Union Pacific returned to the U.S. Surface Transportation Board with a revised bid to combine with Norfolk Southern, arguing regulators should approve the proposed $85 billion acquisition this time. Omaha, Nebraska-based Union Pacific filed the updated application Thursday, after the STB rejected its earlier submission in January, saying it lacked required details about competition among the five remaining major freight railroads and the effect on customers.
The STB has 30 days to decide whether to accept the revised application, and if it does, the proposal would move into a detailed review that Union Pacific said is expected to take more than a year. In the meantime, the revised filing keeps the focus on whether the merger would enhance competition rather than reduce it, the same standard the STB has used historically for large railroad combinations.
Union Pacific CEO Jim Vena told regulators the new application makes “an even stronger case” for benefits that he said would improve service and reduce shipping times. He said the railroad’s plan would shave a day or two off delivery for many shipments by eliminating handoffs between two railroads in the middle of the country, based on Union Pacific’s assessment of how traffic would flow under a combined network.
Union Pacific also told the STB that the merger could move volume away from highways and onto rails at scale. The company projected shifting 2.1 million truckloads to trains, and said doing so could save shippers $3.5 billion because rail is cheaper than trucking over long distances.
Opponents, including some current major rail shippers and rail competitors, have argued that the merger would increase market power and could drive up rates for customers with limited options besides rail. The complaints include concerns that shipping rates could rise for existing customers if the combined railroads gain monopoly power across the country, according to the new filing’s discussion of critics’ position.
Katie Farmer, CEO of BNSF, argued against the deal in a quote included in the reporting. “This did not begin with a customer asking for a UP-NS merger to happen,” Farmer said. “It’s driven by Wall Street on the promise of a big shareholder payout. It will eliminate competition, raise costs for consumers, and destabilize the supply chain that powers the American economy.”

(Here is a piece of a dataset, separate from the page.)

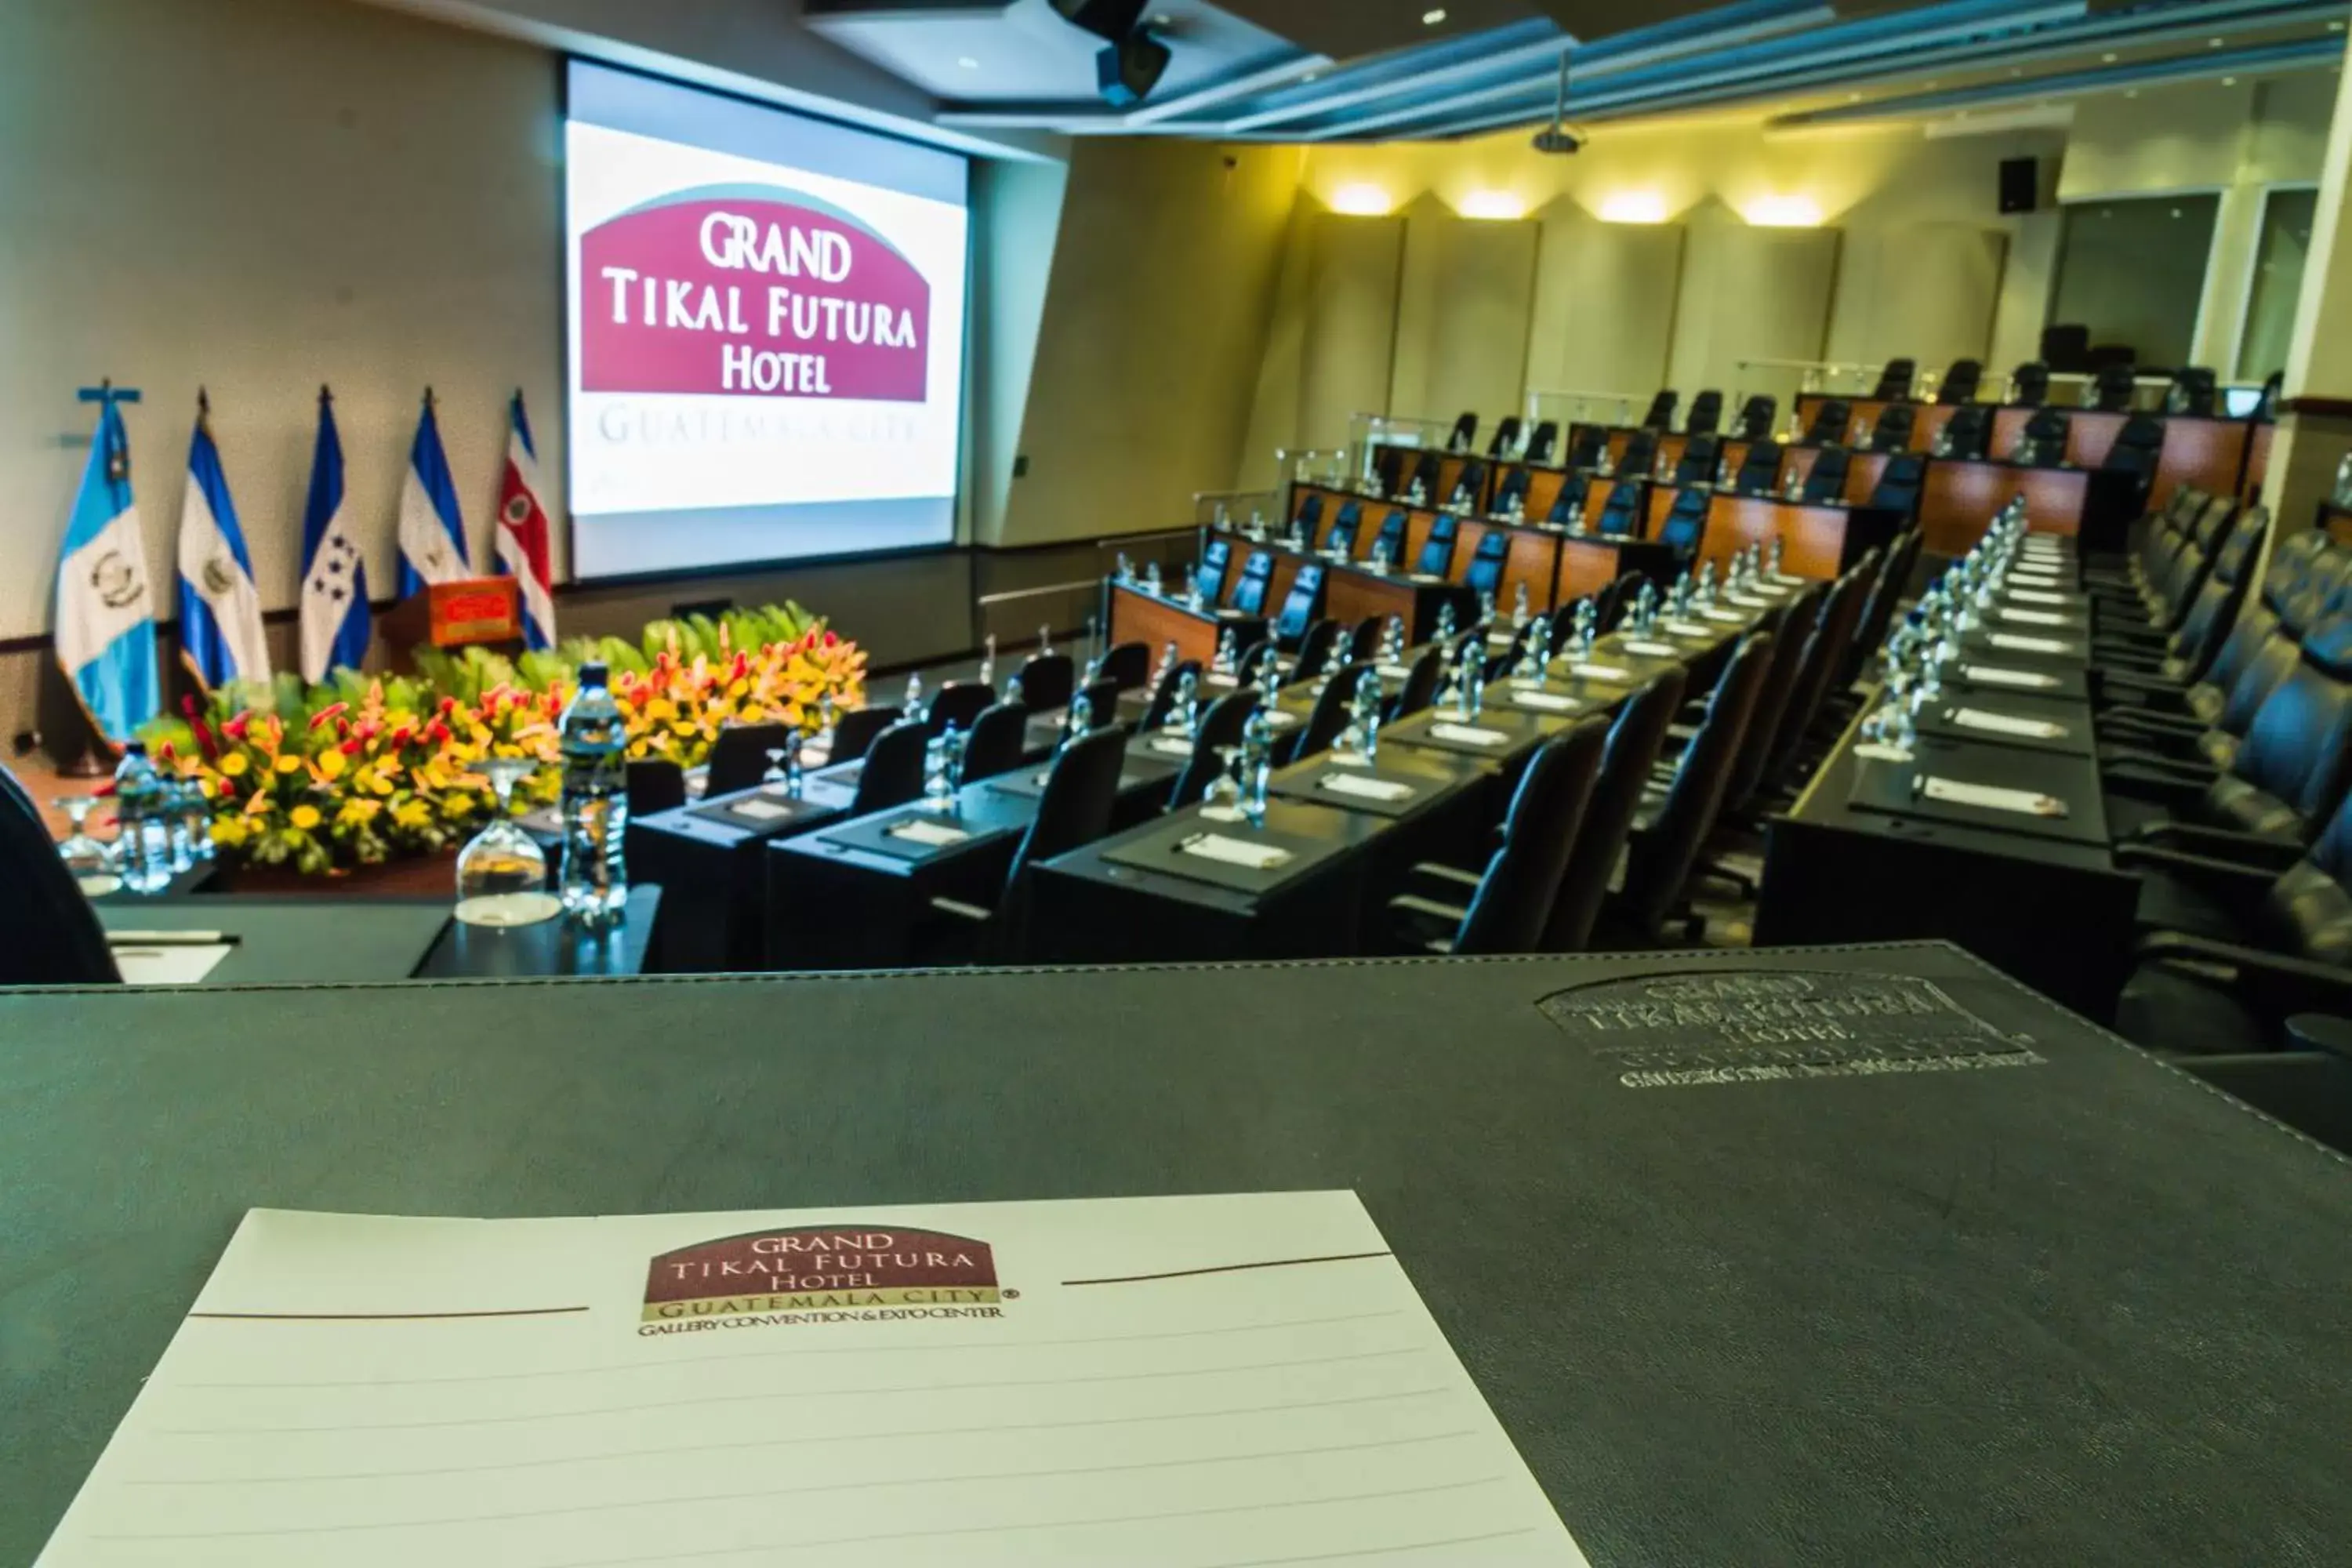 Banquet/Function facilities, Business Area/Conference Room in Grand Tikal Futura Hotel
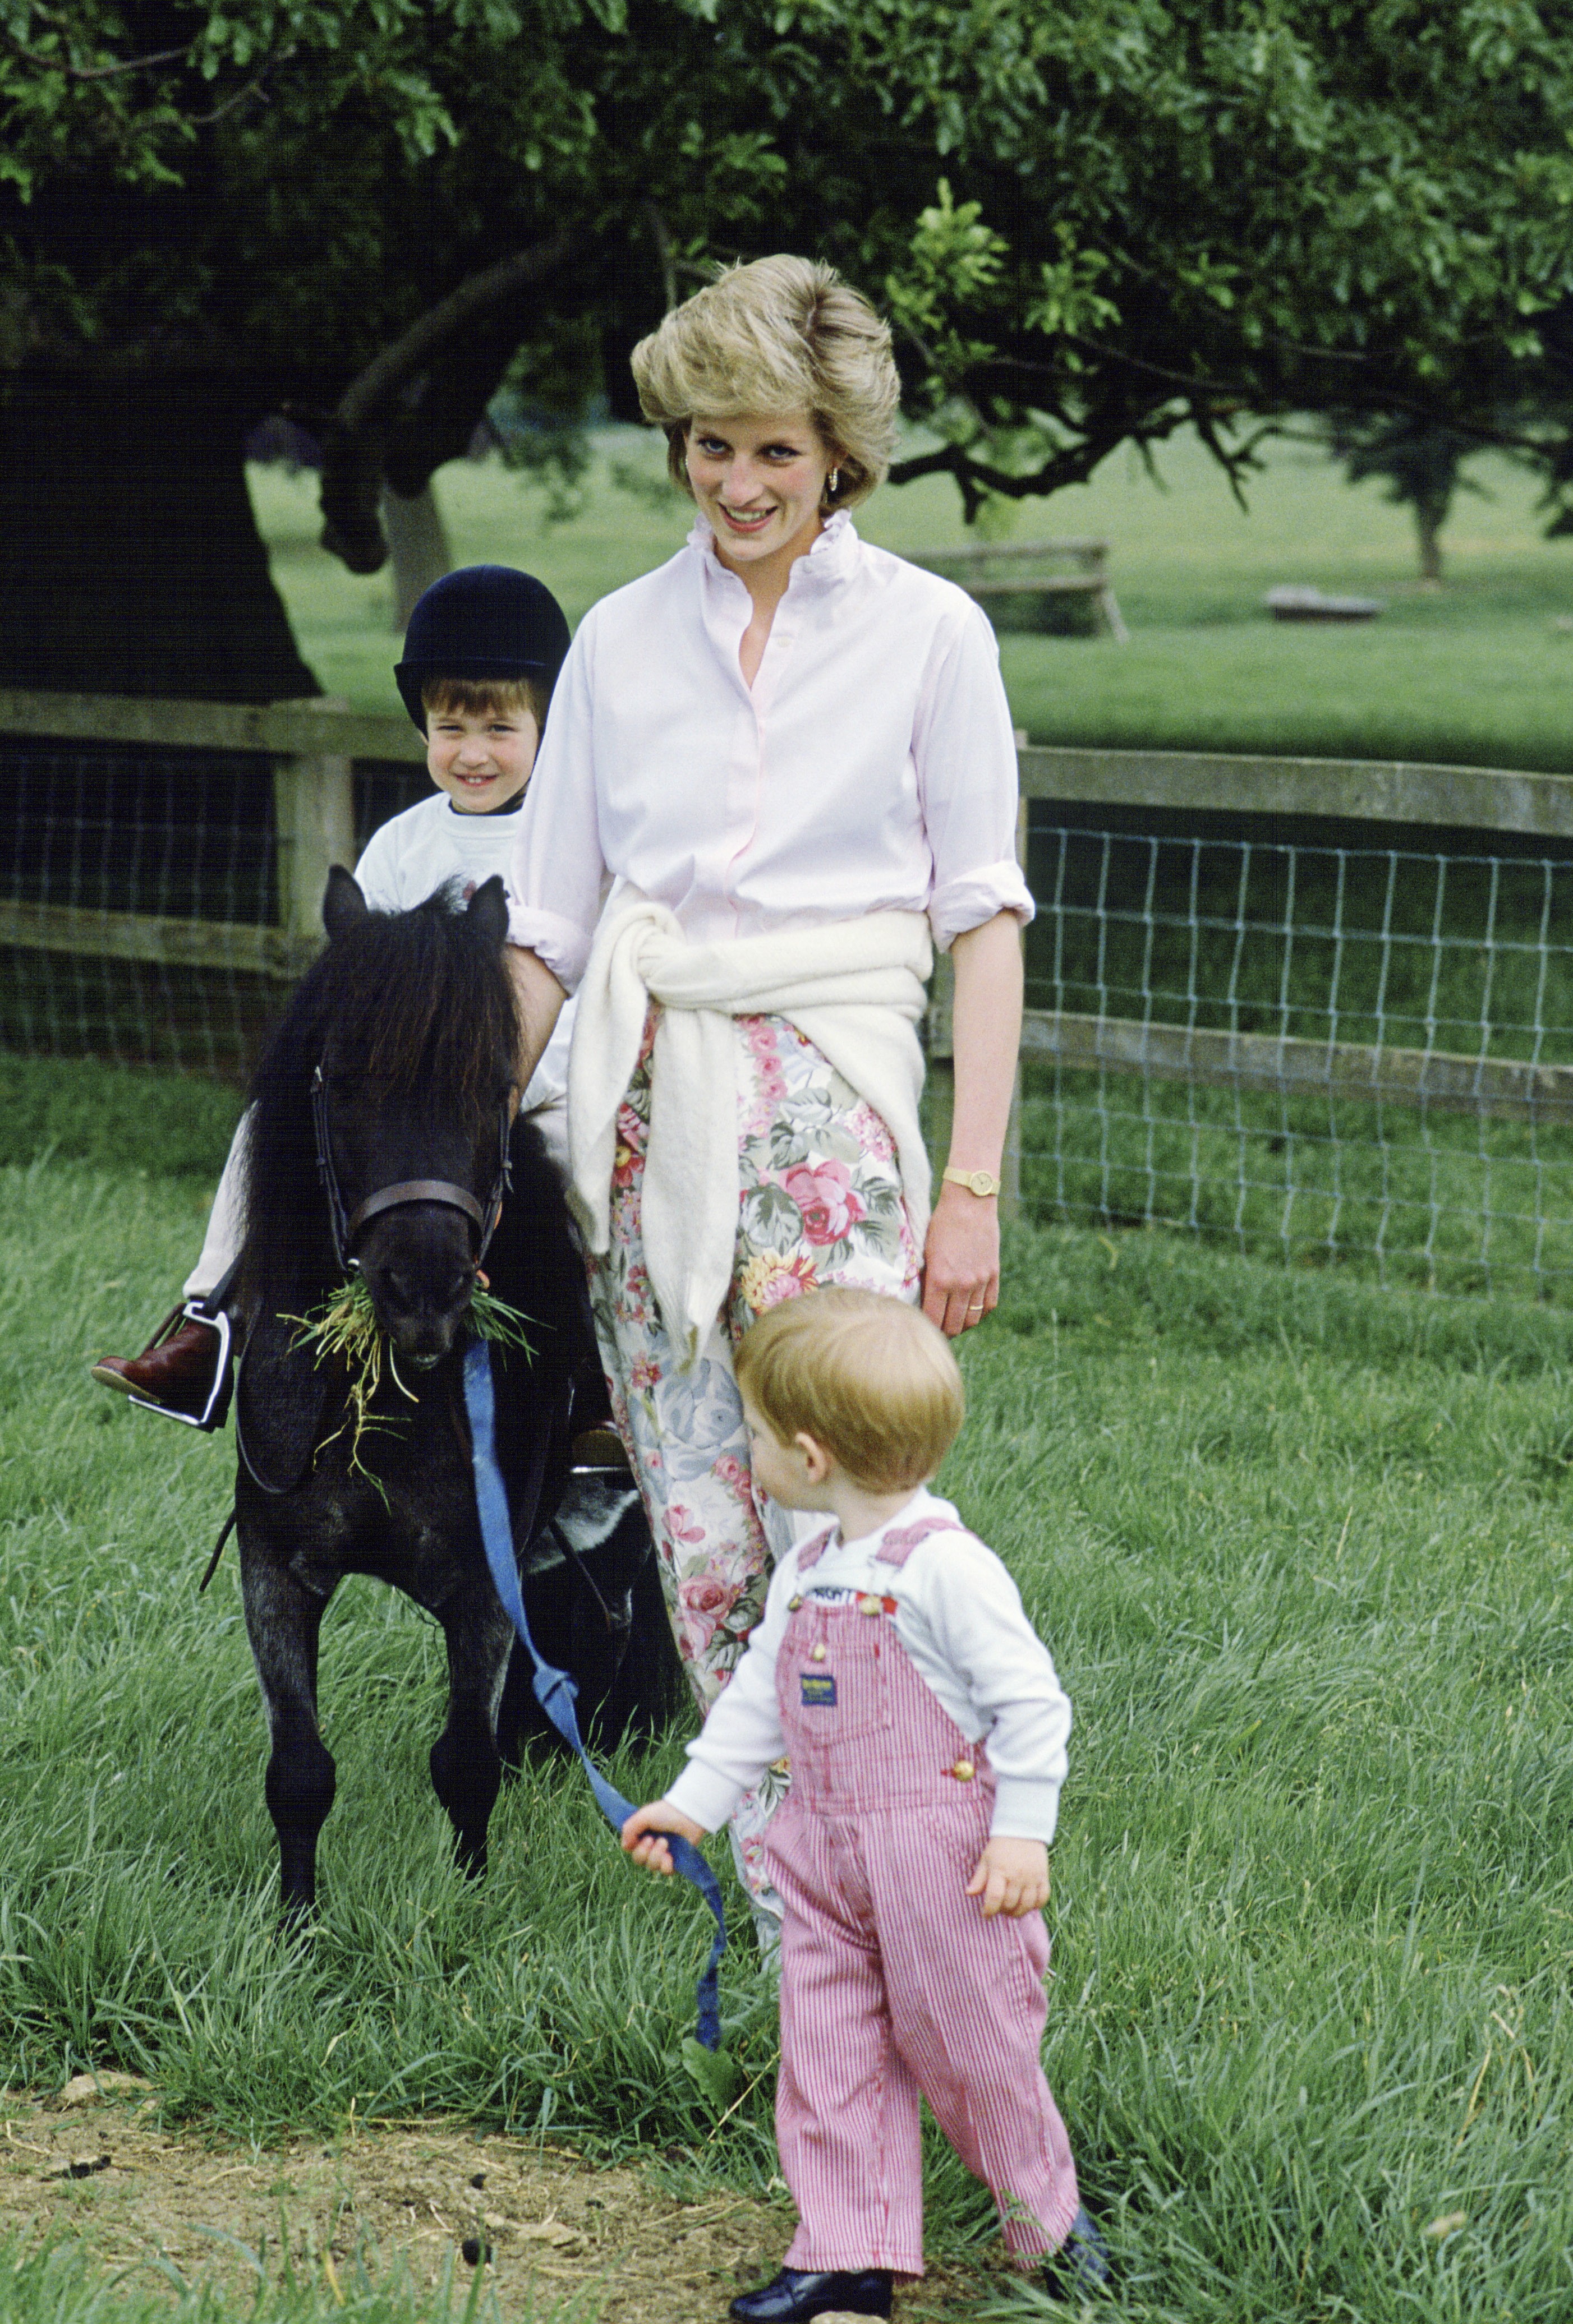 1986 Floral trousers meant playtime at Highgrove. (Foto: Tim Graham Photo Library via Get)

Union Pacific said it does not plan to compete with that argument by trying to avoid scrutiny, but instead by emphasizing operational preparation and safeguards intended to limit disruption. Vena said the railroads can avoid integration problems seen in some past mergers by “taking it slow while listening to a new board of customers about the impact,” and he compared the planned period to an extended, difficult contest in which service and pricing would be tested rather than assumed.
The merger has also generated debate about employment and the economics of staffing changes. Union Pacific said it has promised that union employees who have jobs with either railroad at the time of the merger will have jobs for life, while acknowledging that the workforce could still shrink through attrition if shipment volumes slow. Union Pacific also predicted that more than 1,200 new jobs would be created by the third year after approval, revising an earlier projection of 900 new jobs based on updated traffic data analyzed across the major freight railroads.
Union Pacific said the deal includes additional deal terms that could change its risk profile as regulators and the public review proceed. The company said it could consider walking away if the STB requires more than $750 million in concessions, and it said the agreement gives Norfolk Southern a $2.5 billion breakup fee if the deal falls apart.
As the review process begins, the two rail networks described in the filing largely overlap across different regions of the country today. Norfolk Southern and CSX serve the eastern U.S., while Union Pacific and BNSF serve the west, and the two major Canadian railroads compete through tracks that cross Canada and extend into the United States and Mexico. Union Pacific said it expects a merged company would control nearly 40% of the nation’s freight, while also saying that BNSF currently delivers that amount and therefore the deal would shift which railroad dominates rather than dramatically change the competitive balance.
Union Pacific also addressed specific competition concerns about a major rail asset in St. Louis. The company said it will ensure the merged railroad never controls more than 50% of the Terminal Railroad Association of St. Louis after opponents questioned its earlier approach. The company said Union Pacific currently owns nearly 43% of the terminal railroad, while Norfolk Southern owns more than 14%, and it said it had previously suggested temporarily becoming the majority owner during the transition after the merger.
One quote from Vena was also included in the reporting as the CEO argued for an outcome favorable to customers. “The first few years after this, it’s gonna be like one of those old 15-round boxing fights. Prices are gonna be used, the service is going to be used, everything. And I think the customer’s going to be the winner in all this while we knock down, drag it out, to see who can win and grow their market share,” Vena said.